Now, does that matter?

It can, in theory: one can have a positive image of something in general while having a low opinion of the particulars. (Witness Bush's job satisfaction ratings as opposed to his ratings on policies a few years ago.) One can have a romantic positive image of a political structure while having a low opinion of its real existing institutions. So, in theory, it may be that some people think the EU is a great thing, but think of nasty Brussels Bureaucrats and alternatively of McCreepy and attempts to take away Ireland's Commissioner when the Commission is mentioned, or think of waste when the EP is mentioned, or think of lack of transparency and horse-trading when the Council is mentioned, whatever.

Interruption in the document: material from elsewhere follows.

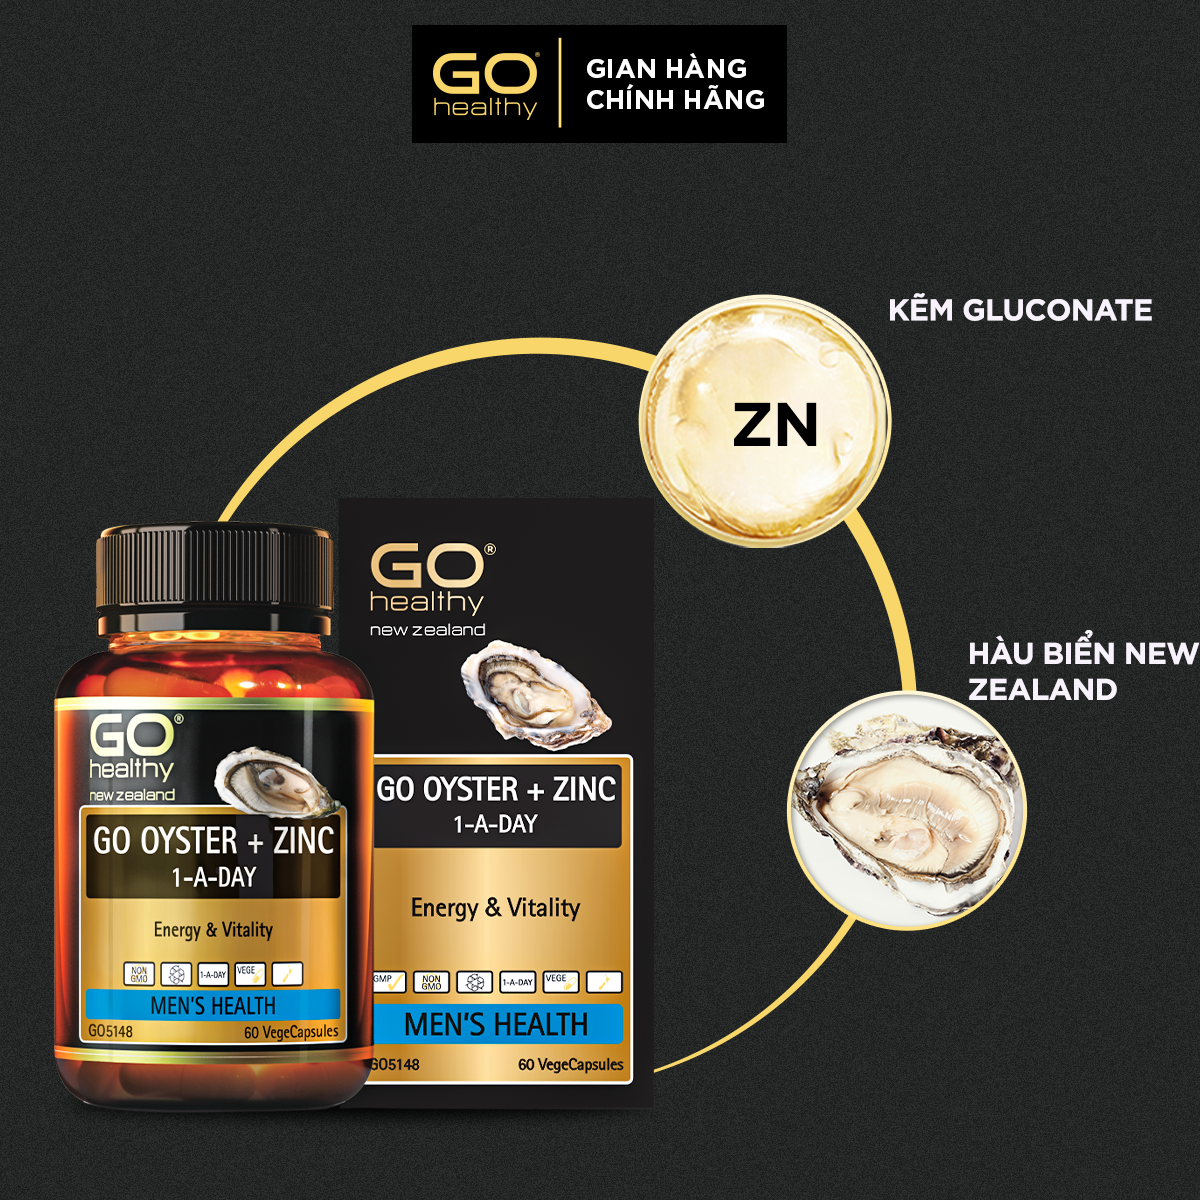 GO OYSTER + ZINC 1-A-DAY 60 VIÊN - Tinh chất hàu nhập khẩu chính hãng GO Healthy New Zealand
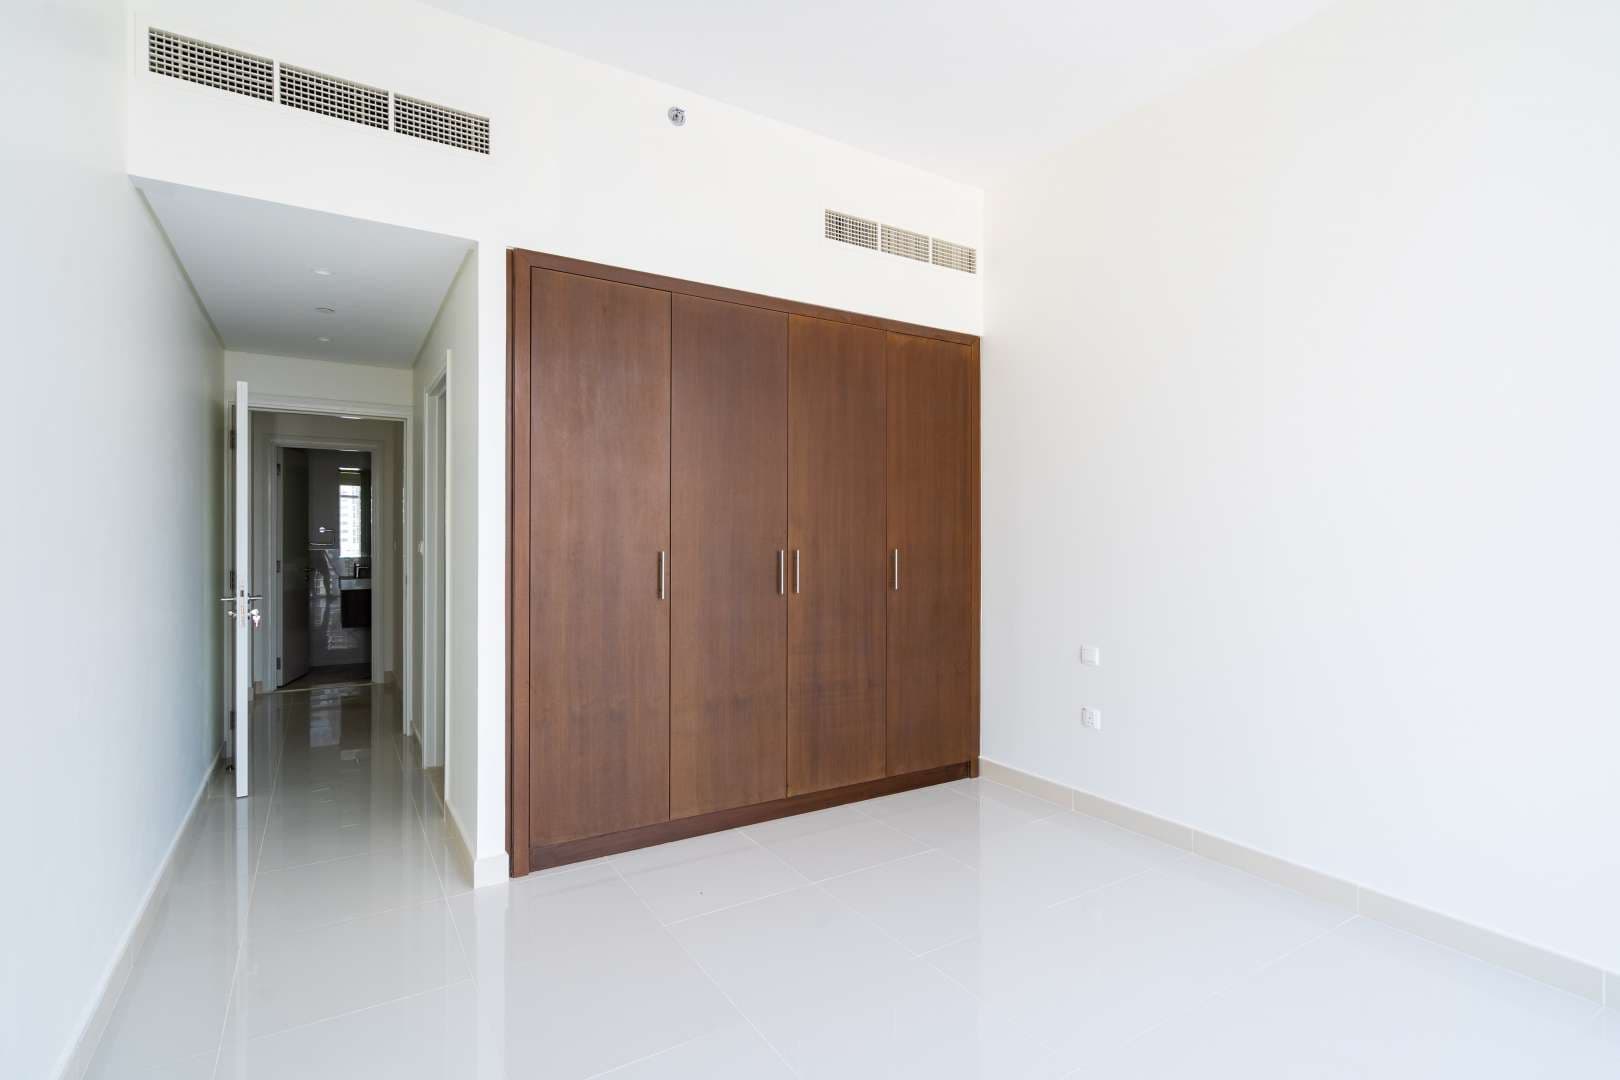 2 Bedroom Apartment For Rent Boulevard Crescent Lp05069 94dfe11c01d0380.jpg

But in the end, I was not 'driving at' anything, my 'drive' came to an end: my comment meant to say that having checked the numbers, the overall picture doesn't change if the correct comparisons are used, thus the apples-and-oranges thing became a minor quibble.

*Lunatic*, n.
One whose delusions are out of fashion.

by DoDo on Tue Jul 1st, 2008 at 06:24:22 AM EST
[ Parent ]
OK, thanks, now I get it. <light dawns>

The interesting point for me was just to indicate that the general perception of the EU (vague though it might be) in Ireland was positive. And (wrt the diary title) the keyword in the question was "trust".

by afew (afew(a in a circle)eurotrib_dot_com) on Tue Jul 1st, 2008 at 06:36:18 AM EST
[ Parent ]
On a point that is less of a nitpick, poll data was collected until the end of April in Ireland - the negative campaign heated up and poll numbers became close thereafter.

*Lunatic*, n.
One whose delusions are out of fashion.